Dear Friends in Christ,

In a couple of hours, at Morning Prayer, a few of us will be sitting in the beautiful quietude of the Chapel of Saint Benedict. Four days a week we keep this Office, and one of things I love about it is its spare, simple, contemplative character. But as we get to the first reading (Isaiah 9:1-7), I’ll certainly have a whole orchestra playing in my mind’s ear.

Isaiah 9 is a famously musical passage, and you will no doubt recognize some of its verses, “The people that dwelleth in darkness” and “For unto us a child is born” from Handel’s Messiah.
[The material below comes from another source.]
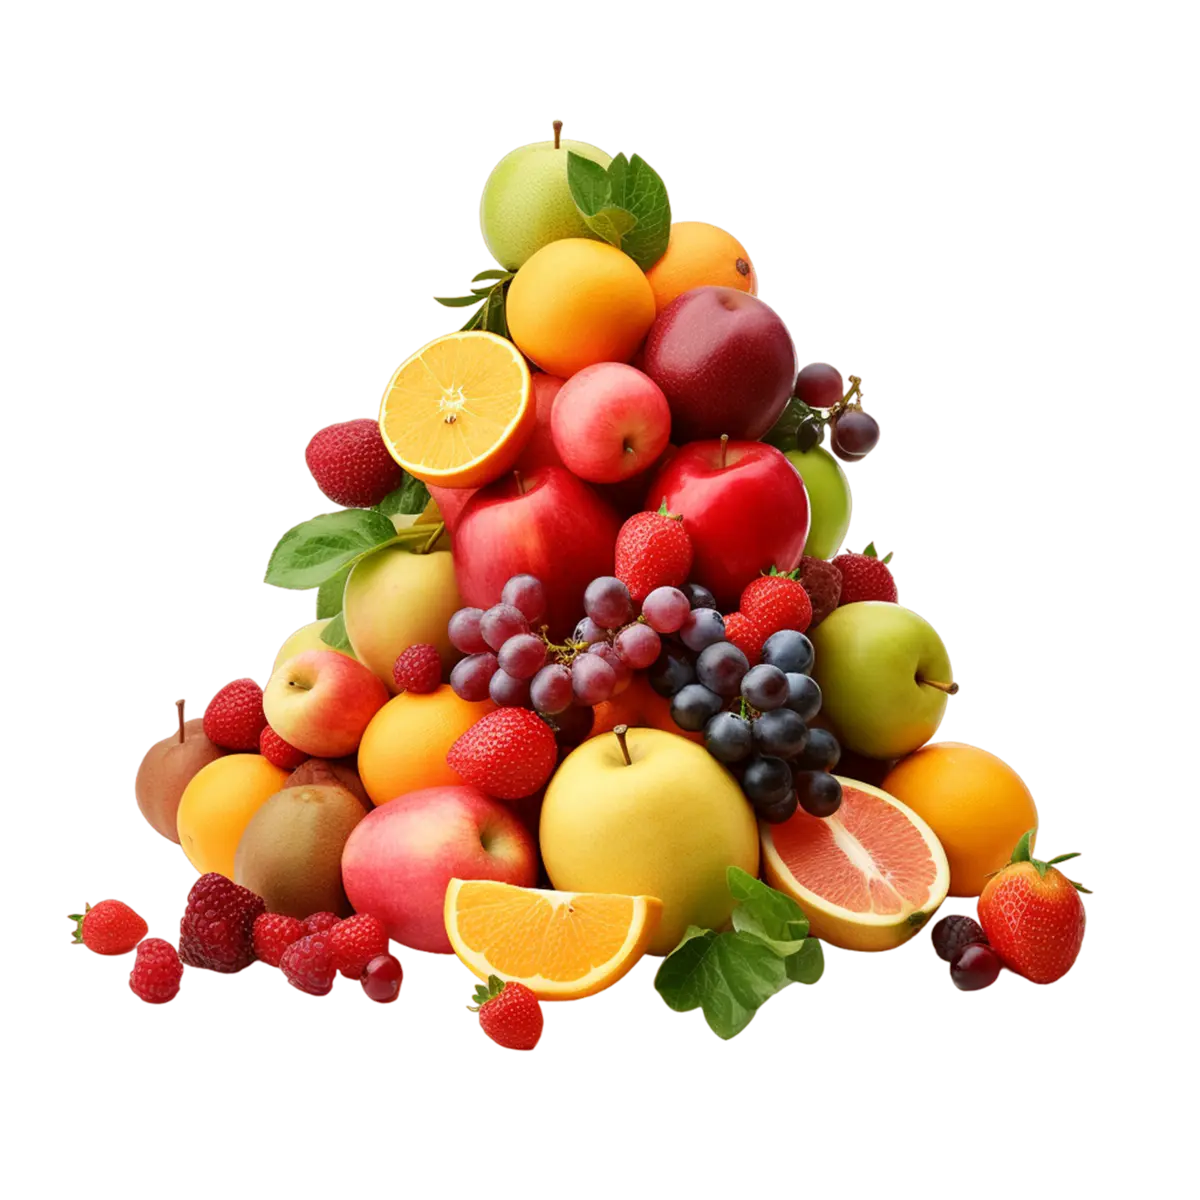 Fruits / 果物

On Sunday we heard another Messiah excerpt, also on a text from Isaiah, “And the Glory of the Lord” (Isaiah 40:5-8).

The text of Handel’s oratorio, compiled by Charles Jennens, is what we call a cento, a poem or libretto taken entirely from other texts, in this case the King James Bible and Coverdale translation of the Psalms. Sixteen of its movements derive from Isaiah. Why so many?

The Book of Isaiah is replete with poems and canticles, and its beautiful, evocative language has always lent it to musical settings. Isaiah is also a Prophetic work, and is quoted and alluded to throughout the Gospels, particularly in Matthew and Luke.

It was clear to the authors of the Gospels that this child who was born, that this son who was given, was none other than Jesus Christ—whose “name shall be called Wonderful, Counsellor, The mighty God, The everlasting Father, The Prince of Peace.”

Not only does Isaiah give us a whole series of explicit Messianic prophecies in which we see the person of Jesus foreshadowed, it also gives us all sorts of other thematic and historical commonalities:

The Book of Isaiah is probably three interrelated texts, concerning the prophet himself (8th century BC), the trauma of exile during the “Babylonian Captivity” (6th century BC), and the period after Israel’s return. What we have in this extraordinary work is a story of God’s judgement and consolation, of the restoration of a people broken by sin, across a great arc of time. Isaiah reminds us that the workings of God extend beyond the human experience of time, that first and the last are inextricably linked. Indeed, the Incarnation, the Crucifixion and Resurrection, are all bound in God’s plan for Creation.

What better material could Jennens and Handel have asked for? So, in the quiet of chapel this morning, I will have this music ringing in my ears… a herald of the coming Prince of Peace.